# LG BD550 does not show Video on Demand icon.



## robbo266317 (Sep 22, 2008)

I have just acquired an LG Blueray player and connected it to the network, downloaded the latest software and registered it for DivX playback. However I do not get any icon for net downloads.
I tried to do the firmware update using USB stick and CD and it doesn't do anything. I only get the options to play video, music or pictures. :scratch:

(Also note I am in Australia)
Any assistance would be appreciated.
Cheers,
Robbo


----------



## Sonnie (Apr 11, 2006)

I moved this to the Blu-ray forum... hopefully someone can help you figure it out.


----------



## robbo266317 (Sep 22, 2008)

Ok I had a problem with the original player, It originally connected to the internet without having to set up any access in the router. I downloaded the latest software and it installed fine. However the next day it would only intermittently connect to the internet and then a few days later would not see the lan either.

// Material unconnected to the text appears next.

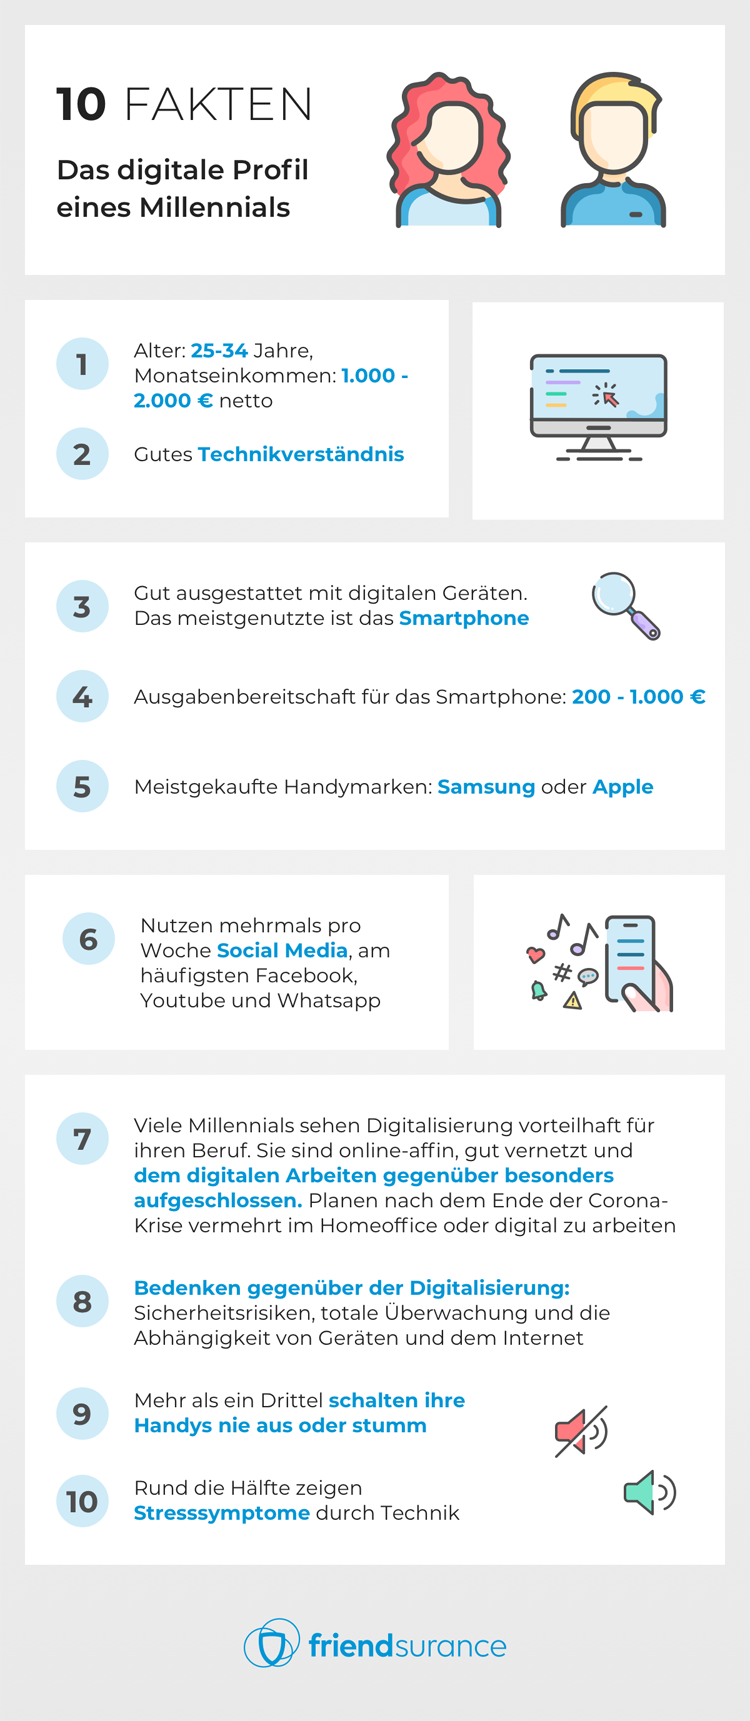 Infografik: Das digitale Profil eines Millennials in 10 Fakten

I took it back and received a replacement which I had to set up in the router before it would see the internet, no big problem.
The new player connects to the internet everytime at startup but I don't get any internet options except update the software.
I now think this unit does not have the software to connect to youtube or streaming video yet, maybe in a later update?
Oh well, I cannot complain as I won it in a raffle on $10.00 worth of tickets.


----------